I was still angry angry with her for the way she treated me in Circle Valley, turning her back on me after all that time, not even giving me a chance to speak, not even thinking about how lonely and desperate I might feel to be left there alone, so far away from anyone I knew. ‘Listen to me, Mary!’ I wanted to yell at her whenever I thought about it. ‘Just bloody listen to me for ten heartbeats! You got it wrong. You got it all wrong. I don’t think I’m better than you. Of course not. How could you be so dumb? I look up to you! Surely that’s obvious! I wasn’t trying to say I knew better than you, I was just asking for a bit of the help you happily gave, waking after waking, to everyone who came to your shows.’
But at the same time I could understand quite well why she’d been angry with me. Mary was much braver than me. She dared to believe in something – really believe in it,
like it was as solid and certain as a rock or a tree trunk – even if she couldn’t prove it for certain. And, what’s more, she didn’t just say she believed in it, like a lot of people do, but had given up pretty much everything else for that one thing that she believed in, which is something hardly anybody does at all. It was as if she was playing a game of toss-up, like the one I once watched guards and traders playing at Veeklehouse, and had bet everything she had on one single throw of the dice, so certain was she that she knew which side would come up on top. I’ve not met anyone else who did that, except maybe Starlight, who bet everything on a man she hardly knew from far side of the Pool.
So, even though I was angry with her for the way she’d treated me, I still looked up to Mary. I still loved her in a way. And the truth was that, however angry I might be with her, I was much angrier with myself for what had happened.
I mean, Tom’s fat dick, it wasn’t as if she hadn’t warned me! ‘Our Mother’s voice is quiet quiet,’ those were her words. ‘She doesn’t shout at us. She speaks so softly you might think it was just your own thoughts.’ You couldn’t get much clearer than that. And yet, not once but twice, the first time and the final time I went into the Circle, a firm clear voice had spoken to me in my mind and told me exactly what I needed to do, and I’d just ignored it.

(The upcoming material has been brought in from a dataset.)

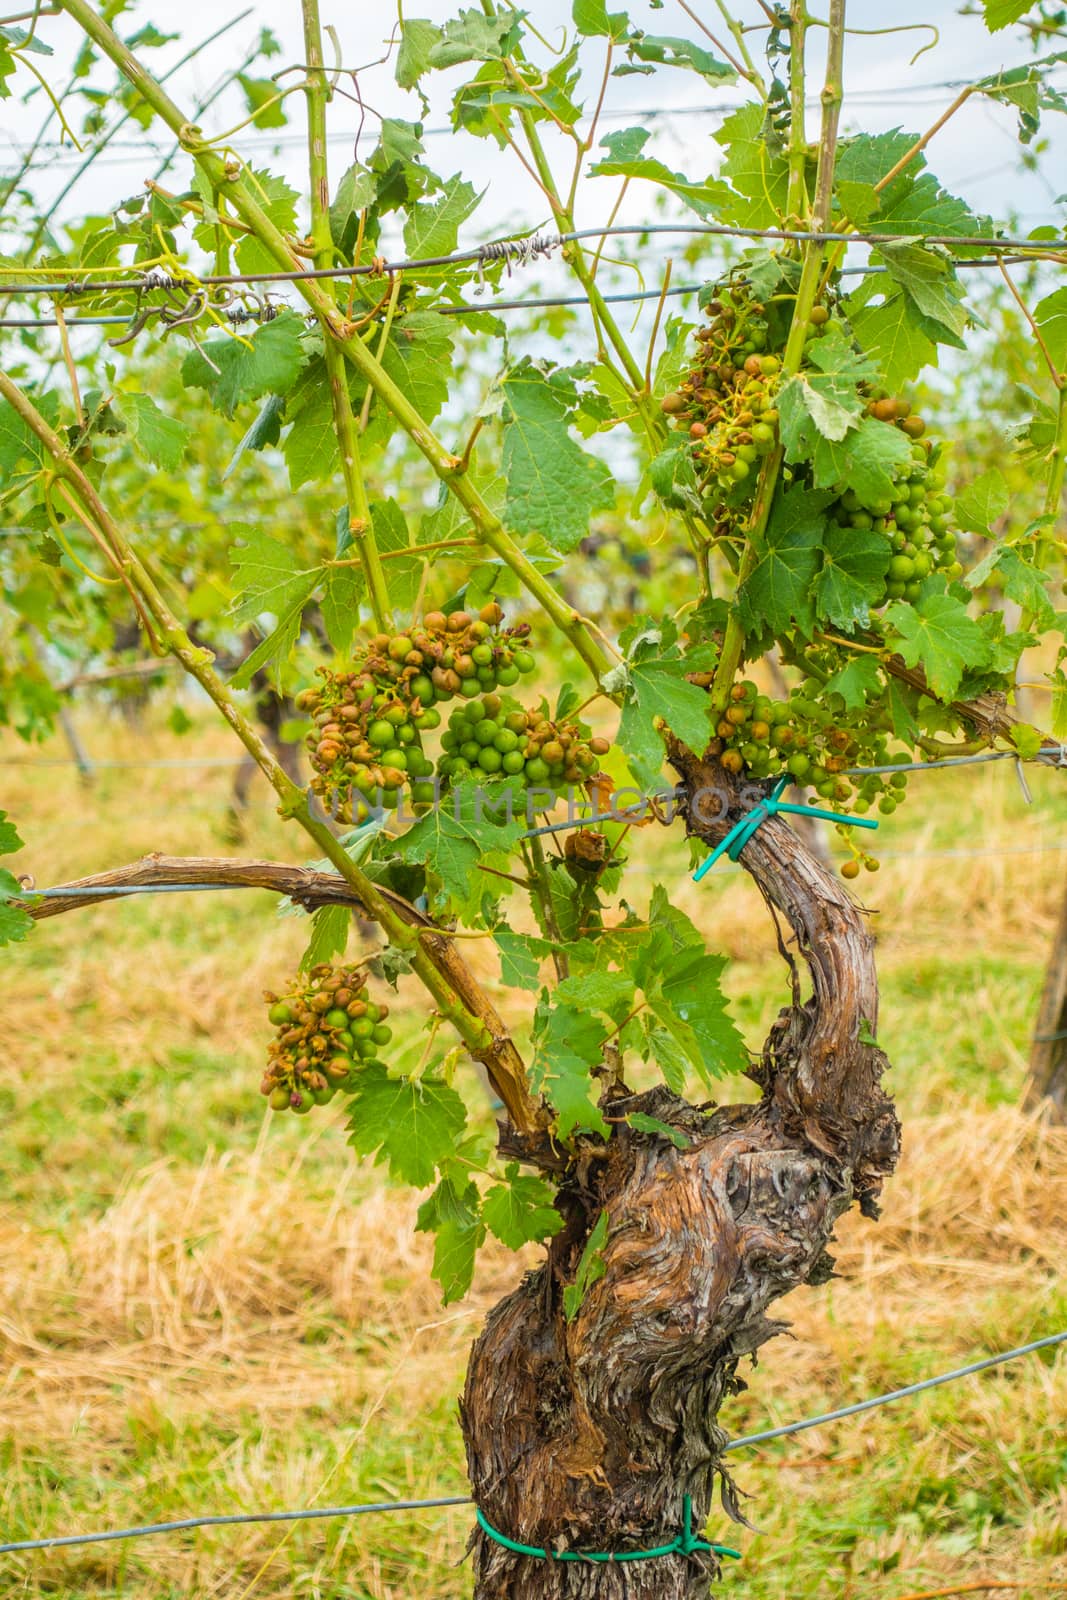 Vineyard and grapes damaged and crop destroyed after severe storm with hail destroying the major portion of the harvest. Plants will have to be treated with chemicals to survive

Again and again and again, in the eight years since I’d last seen her, I’d gone over that in my mind. How could I have failed to listen to the voice inside my head that told me to go over to Mary and tell her about the things I’d been holding back from her? Could there really have been any doubt at all that telling her was the right thing to do?
And of course the answer to that was no. I should have been honest with Mary. Once I’d done that, once I’d got those secrets out of the way – who knows? – perhaps I would have begun to hear Gela herself more clearly, and learned to tell the difference between her voice and my own thoughts. But how could I ever have expected to hear her if I refused to listen even to myself ? How could I expect to open my mind to Gela if I closed it up to my best friend and teacher? Over and over, I asked myself these things. Of course, I knew perfectly well that the reason I hadn’t spoken to Mary about my secrets was that I was afraid of making her angry, afraid of her asking things of me that I’d find difficult to do. But as it turned out, she couldn’t possibly have been angrier if I had told her than she was when I didn’t, and she couldn’t possibly have made things harder for me either.